Dentro de uma casa com janelas que dão para a rua, uma família divide sopas em silêncio. O patriarca, Augusto, é um homem medíocre e de poucas palavras. O filho, Betinho — um menino que não sabe chorar — é o próprio silêncio encarnado. Nesse microcosmos alheio ao mundo, a mãe, Rita, é quem rompe o invólucro que separa a realidade do sonho. Por não ter mais o que dizer, a mulher começa a latir. Em “Mar de telhas”, os três personagens convivem como estranhos dentro da própria pele, cada um com seus respectivos mistérios, regendo uma narrativa singular sobre loucura e pertencimento.
No livro, as cidades não têm nome e o tempo é inexato, mas o reconhecimento arde aos olhos. Não é preciso ir longe para entender que a galeria de personagens que atravessa o mar de telhas representa um simulacro de sociedade em que a crueldade, os abusos e o desprezo pelo outro configuram a normalidade. Perder a razão, aqui, é pura e simplesmente uma forma de se libertar.
As histórias de Augusto, Betinho e Rita espelham absurdos e tiranias, assim como as outras narrativas e os lugares que as perpassam. Dos dois desquitados abandonados à própria sorte que, após a morte de seu cavalo, fincam residência na rua; passando pela “casa dos bocós”, onde pessoas dormem no chão; o mundo aqui é um deserto e viver a vida de acordo significa fechar os olhos para o horror. Nessas vidas cheias de lacunas, a loucura descortina um outro modo de existir: mais honesto, mais real e, quem sabe, mais próximo da salvação.

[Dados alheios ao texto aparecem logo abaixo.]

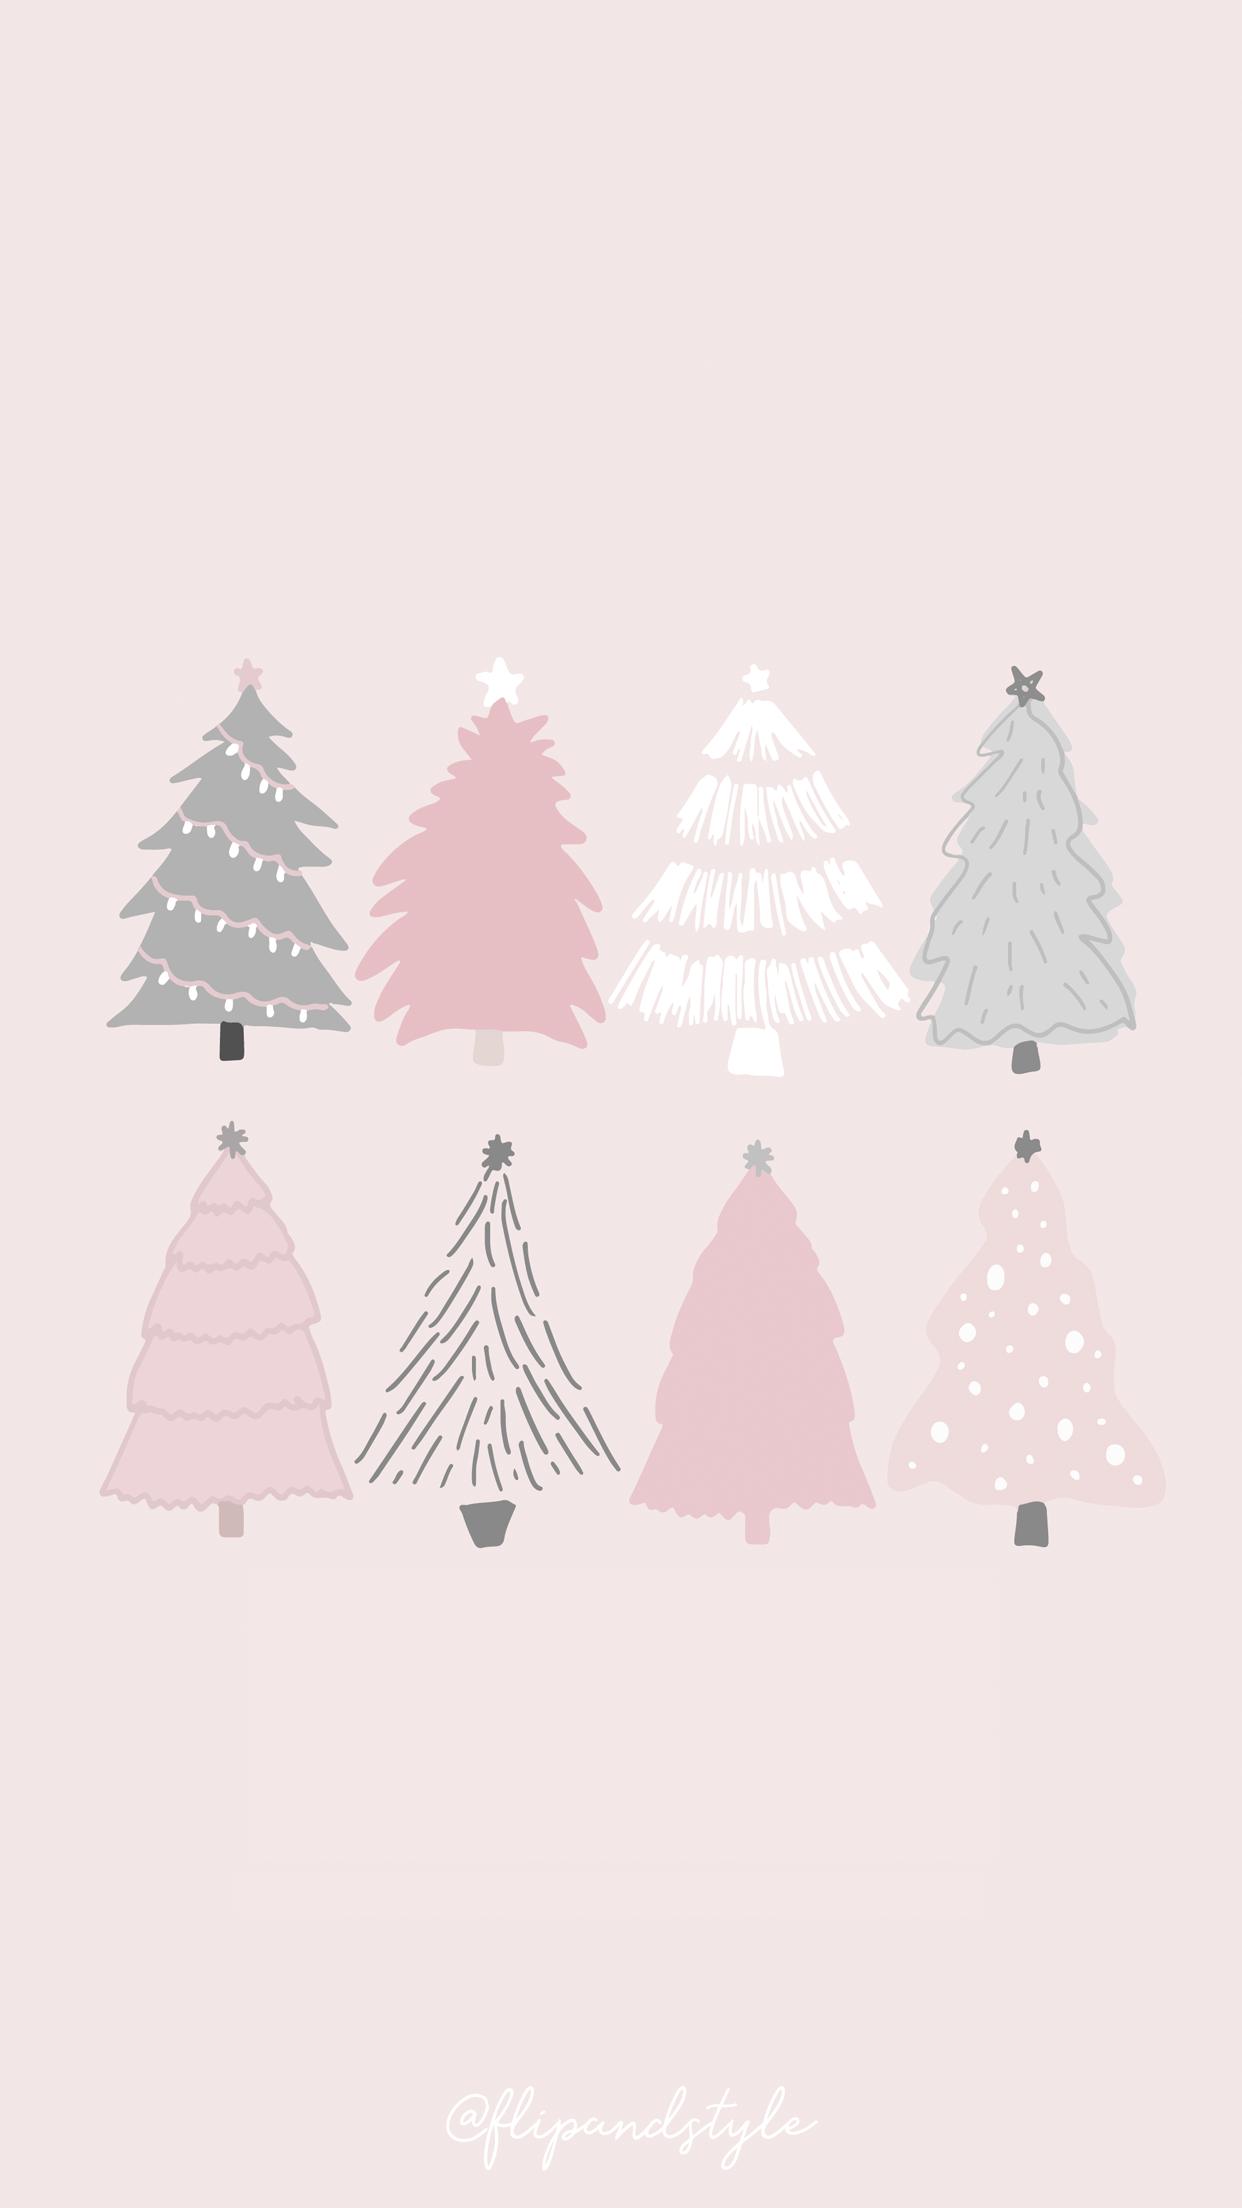 Pastel Christmas Wallpapers On Wallpaperdog

A brasiliense Mariana Lozzi demonstra um talento raro para a escolha de palavras, flertando com a poesia e o realismo fantástico, com metáforas delicadas e sutis. Seu pequeno universo mítico é feito de solidão e tristeza. O desfecho da história esmurra o coração. Se a literatura é um modo de sentir, no “Mar de telhas” o sentimento transborda em uma prosa cheia de cadências. É uma linda e poderosa estreia.